### Work request
Nothing outside the stretch is wanted. Repeat exactly the lines of the listing below from the one that contains "SVG of horse-drawn" through the one that contains "Breathtaking Intracoastal Waterfront", both ends included.

### Study material
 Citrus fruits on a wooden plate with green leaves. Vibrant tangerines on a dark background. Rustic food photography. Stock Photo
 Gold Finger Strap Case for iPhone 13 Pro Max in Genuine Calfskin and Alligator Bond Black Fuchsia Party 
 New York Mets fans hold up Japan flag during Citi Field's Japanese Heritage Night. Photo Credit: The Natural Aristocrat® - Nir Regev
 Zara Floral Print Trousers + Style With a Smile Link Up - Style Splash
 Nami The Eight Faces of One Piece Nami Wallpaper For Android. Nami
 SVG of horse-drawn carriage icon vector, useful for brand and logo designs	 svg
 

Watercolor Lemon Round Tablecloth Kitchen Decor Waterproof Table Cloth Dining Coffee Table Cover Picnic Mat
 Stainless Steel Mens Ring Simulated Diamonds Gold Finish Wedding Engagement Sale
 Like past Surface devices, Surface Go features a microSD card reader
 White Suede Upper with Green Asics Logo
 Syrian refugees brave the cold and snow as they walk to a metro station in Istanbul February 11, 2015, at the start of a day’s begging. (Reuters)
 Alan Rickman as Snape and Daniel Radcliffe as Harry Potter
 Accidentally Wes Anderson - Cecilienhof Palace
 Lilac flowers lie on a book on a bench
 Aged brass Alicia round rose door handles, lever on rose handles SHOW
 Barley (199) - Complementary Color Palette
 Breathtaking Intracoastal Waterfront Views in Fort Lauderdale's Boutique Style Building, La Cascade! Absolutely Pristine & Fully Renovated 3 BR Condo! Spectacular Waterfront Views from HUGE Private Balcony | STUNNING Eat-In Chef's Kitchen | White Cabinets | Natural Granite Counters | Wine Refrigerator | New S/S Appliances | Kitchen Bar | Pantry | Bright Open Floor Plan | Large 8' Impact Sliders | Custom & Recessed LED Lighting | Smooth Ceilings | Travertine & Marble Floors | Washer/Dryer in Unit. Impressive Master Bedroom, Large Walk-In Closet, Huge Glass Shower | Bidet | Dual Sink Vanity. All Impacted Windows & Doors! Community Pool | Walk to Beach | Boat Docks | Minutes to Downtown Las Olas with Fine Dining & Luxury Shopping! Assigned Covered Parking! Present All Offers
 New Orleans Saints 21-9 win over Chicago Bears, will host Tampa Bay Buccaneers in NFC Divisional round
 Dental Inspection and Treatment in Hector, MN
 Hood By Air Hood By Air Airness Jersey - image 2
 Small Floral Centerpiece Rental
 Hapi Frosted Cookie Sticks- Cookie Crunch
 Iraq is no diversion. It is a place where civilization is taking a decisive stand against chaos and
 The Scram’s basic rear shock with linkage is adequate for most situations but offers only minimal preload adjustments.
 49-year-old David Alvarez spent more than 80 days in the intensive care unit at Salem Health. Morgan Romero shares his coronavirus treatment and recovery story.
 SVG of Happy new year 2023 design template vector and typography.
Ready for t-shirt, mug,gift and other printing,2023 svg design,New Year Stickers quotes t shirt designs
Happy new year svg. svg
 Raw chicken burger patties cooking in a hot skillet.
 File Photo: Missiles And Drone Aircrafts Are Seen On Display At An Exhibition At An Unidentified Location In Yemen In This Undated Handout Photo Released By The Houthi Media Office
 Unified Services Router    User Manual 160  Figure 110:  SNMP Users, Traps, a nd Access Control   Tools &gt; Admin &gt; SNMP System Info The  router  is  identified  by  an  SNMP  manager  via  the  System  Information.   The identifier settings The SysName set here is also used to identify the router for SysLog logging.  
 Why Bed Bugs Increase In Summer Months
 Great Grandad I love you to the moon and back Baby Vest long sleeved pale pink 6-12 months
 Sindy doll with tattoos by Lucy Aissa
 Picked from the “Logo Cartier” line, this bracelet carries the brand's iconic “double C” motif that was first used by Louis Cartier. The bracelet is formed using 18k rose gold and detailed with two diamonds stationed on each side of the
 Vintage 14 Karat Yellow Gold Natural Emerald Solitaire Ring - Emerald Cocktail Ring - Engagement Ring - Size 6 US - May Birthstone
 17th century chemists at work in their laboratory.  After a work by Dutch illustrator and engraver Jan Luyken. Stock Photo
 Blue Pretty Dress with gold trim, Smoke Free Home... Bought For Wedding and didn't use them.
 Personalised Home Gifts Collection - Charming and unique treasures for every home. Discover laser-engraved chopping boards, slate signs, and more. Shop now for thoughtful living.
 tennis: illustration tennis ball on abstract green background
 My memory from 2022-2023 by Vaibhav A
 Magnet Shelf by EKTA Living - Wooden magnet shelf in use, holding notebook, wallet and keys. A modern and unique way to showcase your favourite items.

### Expected output
 SVG of horse-drawn carriage icon vector, useful for brand and logo designs	 svg
 

Watercolor Lemon Round Tablecloth Kitchen Decor Waterproof Table Cloth Dining Coffee Table Cover Picnic Mat
 Stainless Steel Mens Ring Simulated Diamonds Gold Finish Wedding Engagement Sale
 Like past Surface devices, Surface Go features a microSD card reader
 White Suede Upper with Green Asics Logo
 Syrian refugees brave the cold and snow as they walk to a metro station in Istanbul February 11, 2015, at the start of a day’s begging. (Reuters)
 Alan Rickman as Snape and Daniel Radcliffe as Harry Potter
 Accidentally Wes Anderson - Cecilienhof Palace
 Lilac flowers lie on a book on a bench
 Aged brass Alicia round rose door handles, lever on rose handles SHOW
 Barley (199) - Complementary Color Palette
 Breathtaking Intracoastal Waterfront Views in Fort Lauderdale's Boutique Style Building, La Cascade! Absolutely Pristine & Fully Renovated 3 BR Condo! Spectacular Waterfront Views from HUGE Private Balcony | STUNNING Eat-In Chef's Kitchen | White Cabinets | Natural Granite Counters | Wine Refrigerator | New S/S Appliances | Kitchen Bar | Pantry | Bright Open Floor Plan | Large 8' Impact Sliders | Custom & Recessed LED Lighting | Smooth Ceilings | Travertine & Marble Floors | Washer/Dryer in Unit. Impressive Master Bedroom, Large Walk-In Closet, Huge Glass Shower | Bidet | Dual Sink Vanity. All Impacted Windows & Doors! Community Pool | Walk to Beach | Boat Docks | Minutes to Downtown Las Olas with Fine Dining & Luxury Shopping! Assigned Covered Parking! Present All Offers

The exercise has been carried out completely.